## [Exercise instructions]
The required output is the run of lines from the one holding "Mightychic offers a" through the final line of the listing, restated word for word, with no pictures.

## [Dataset section]

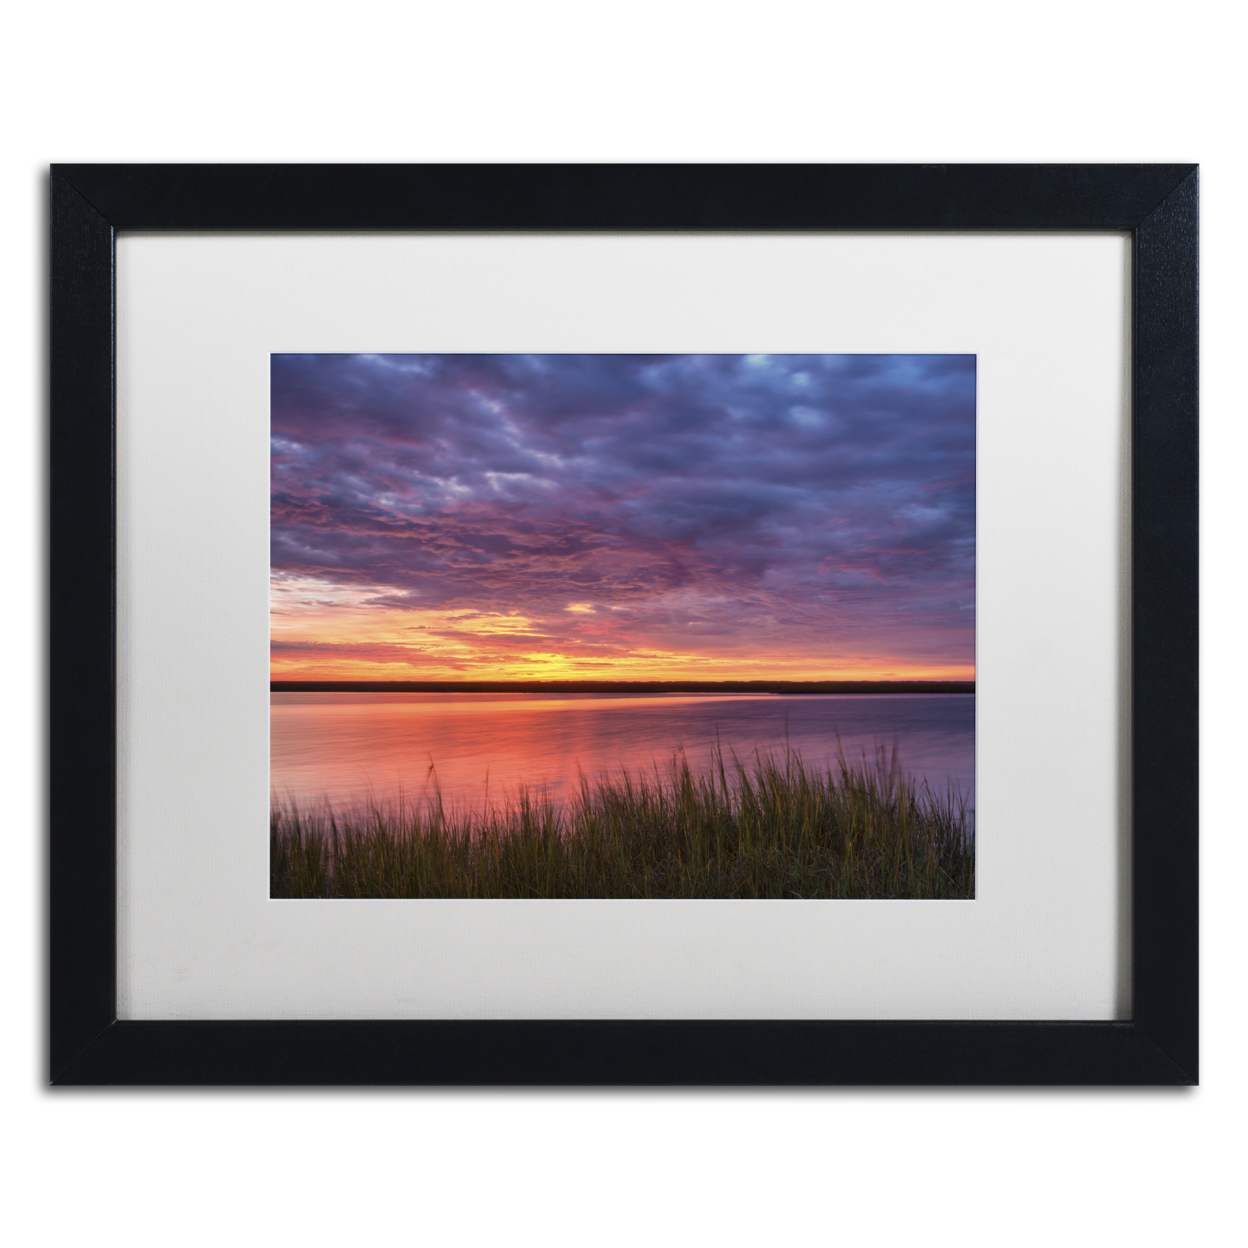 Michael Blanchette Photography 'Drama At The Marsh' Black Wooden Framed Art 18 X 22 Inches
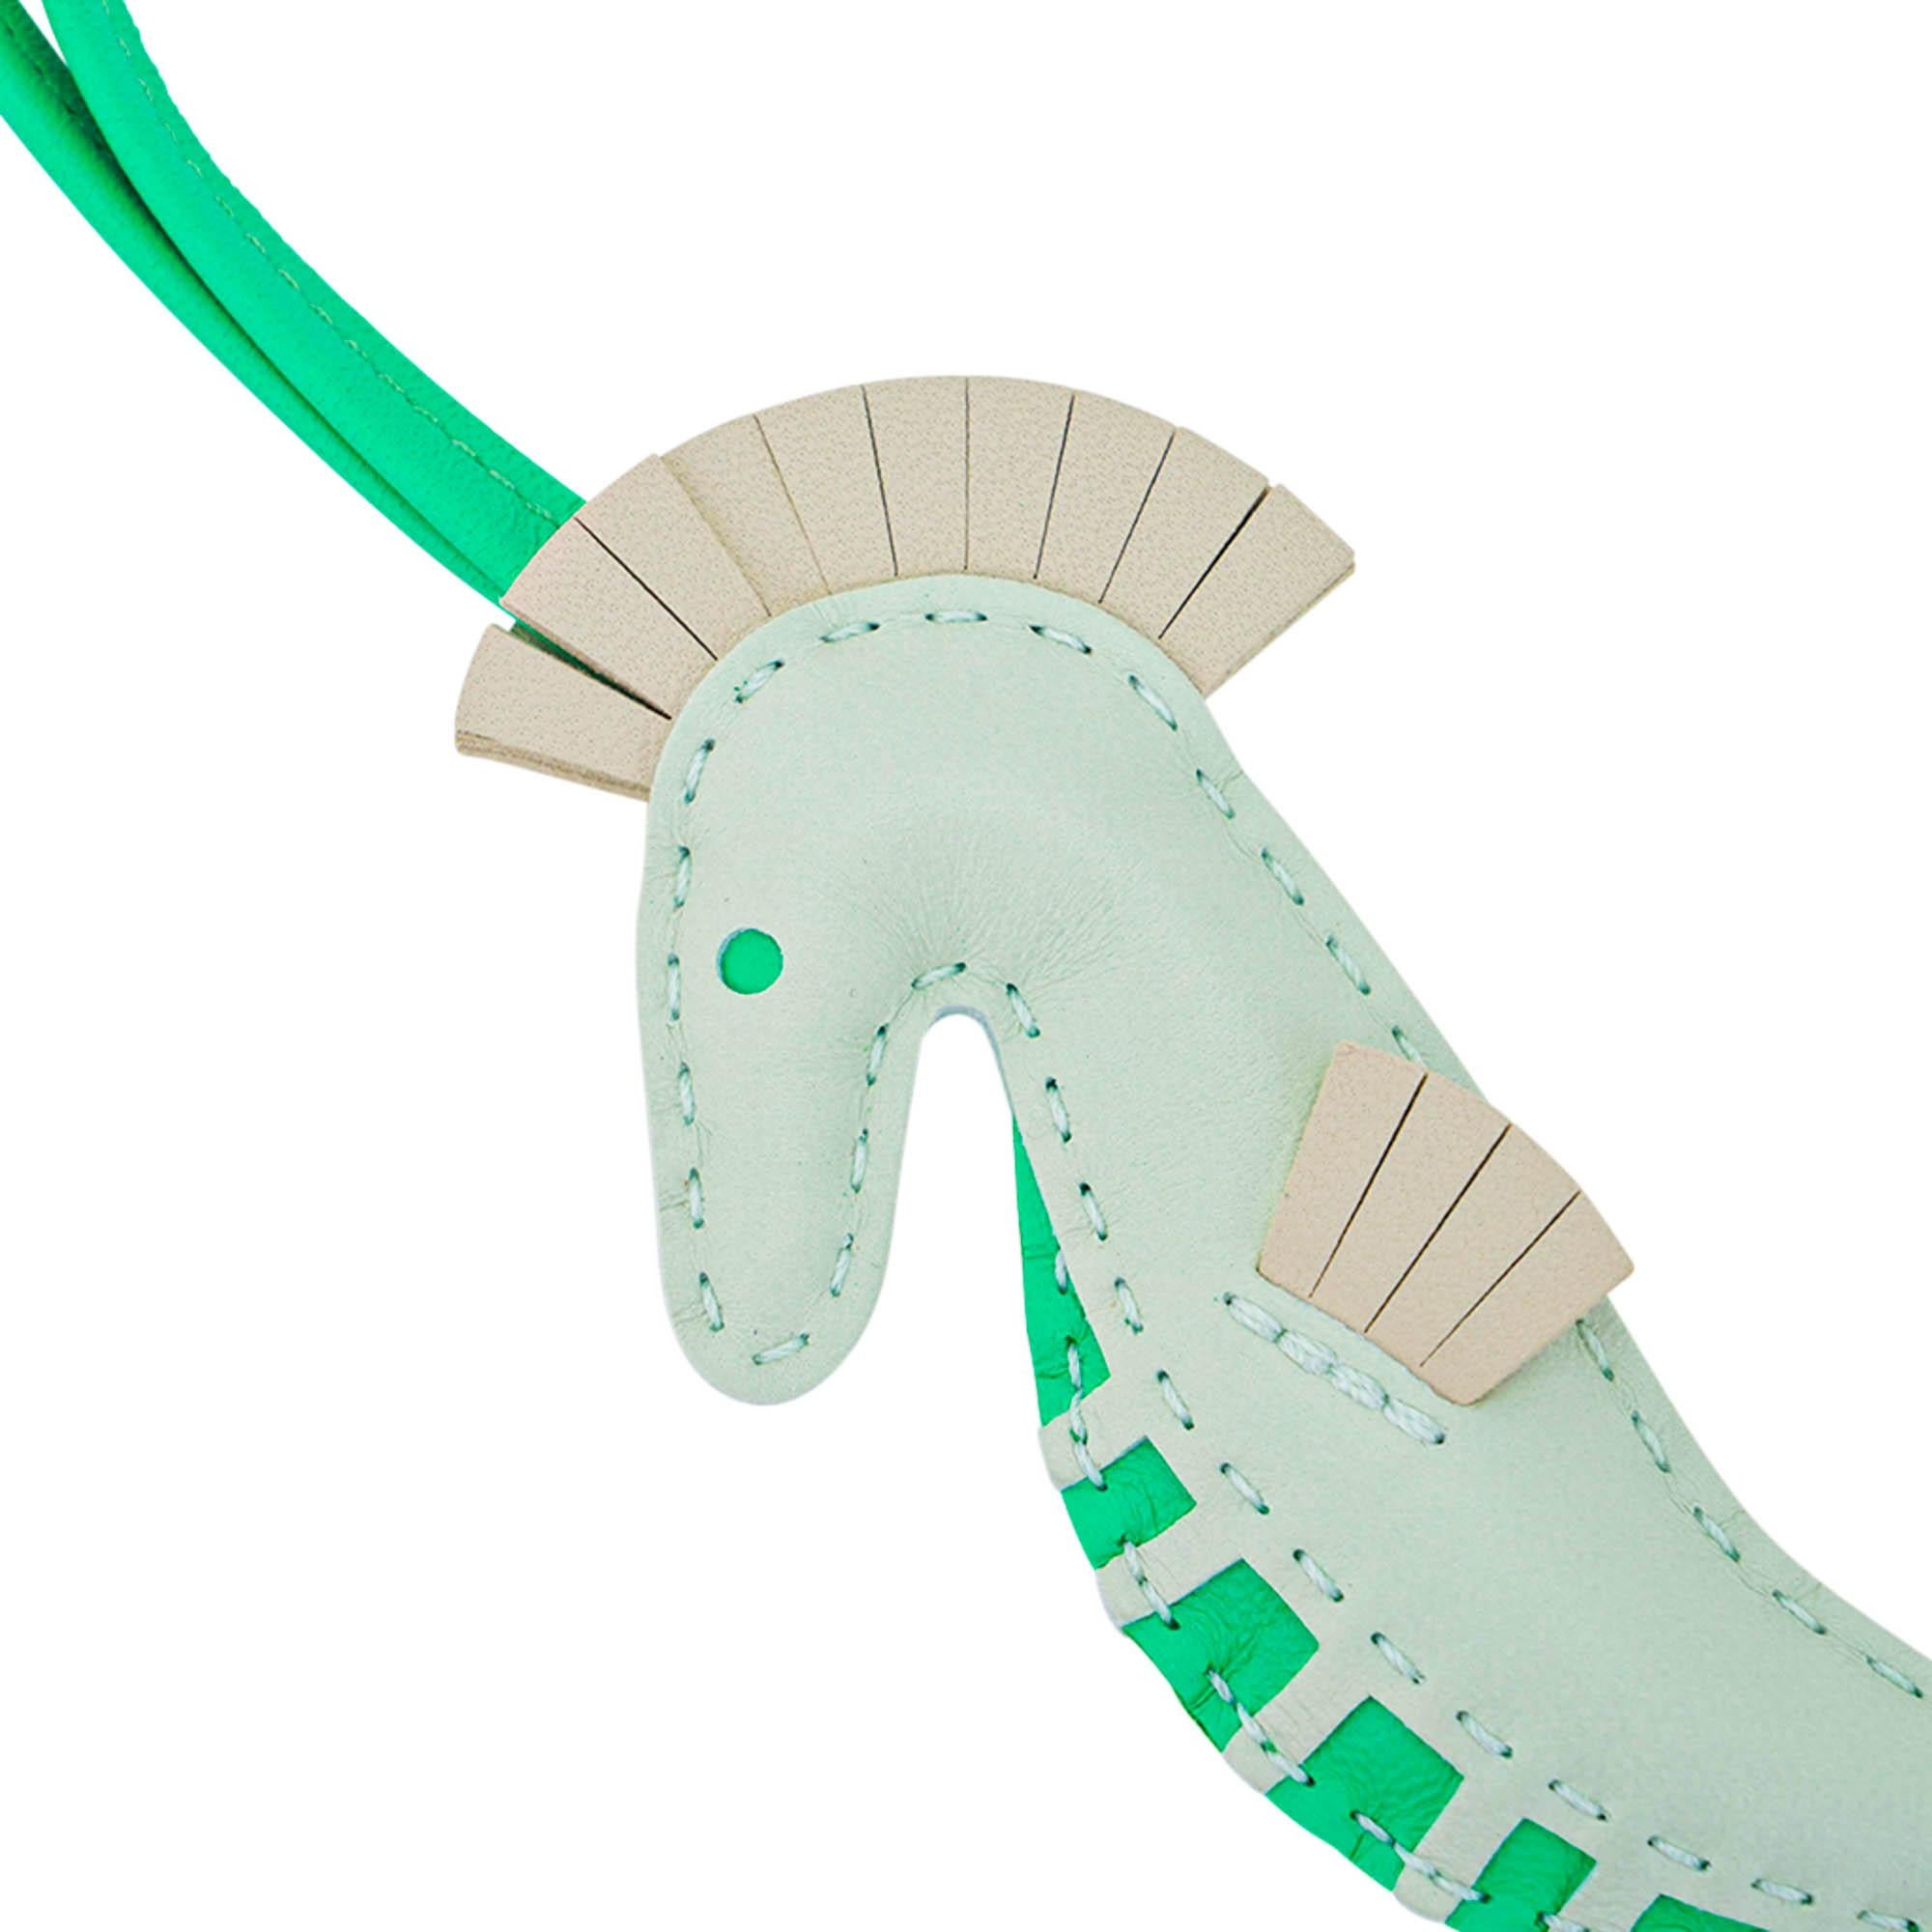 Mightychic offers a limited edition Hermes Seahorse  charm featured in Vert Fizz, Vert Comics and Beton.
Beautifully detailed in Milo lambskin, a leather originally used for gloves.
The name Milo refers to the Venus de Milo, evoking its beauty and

## [Output below]
 Mightychic offers a limited edition Hermes Seahorse  charm featured in Vert Fizz, Vert Comics and Beton.
Beautifully detailed in Milo lambskin, a leather originally used for gloves.
The name Milo refers to the Venus de Milo, evoking its beauty and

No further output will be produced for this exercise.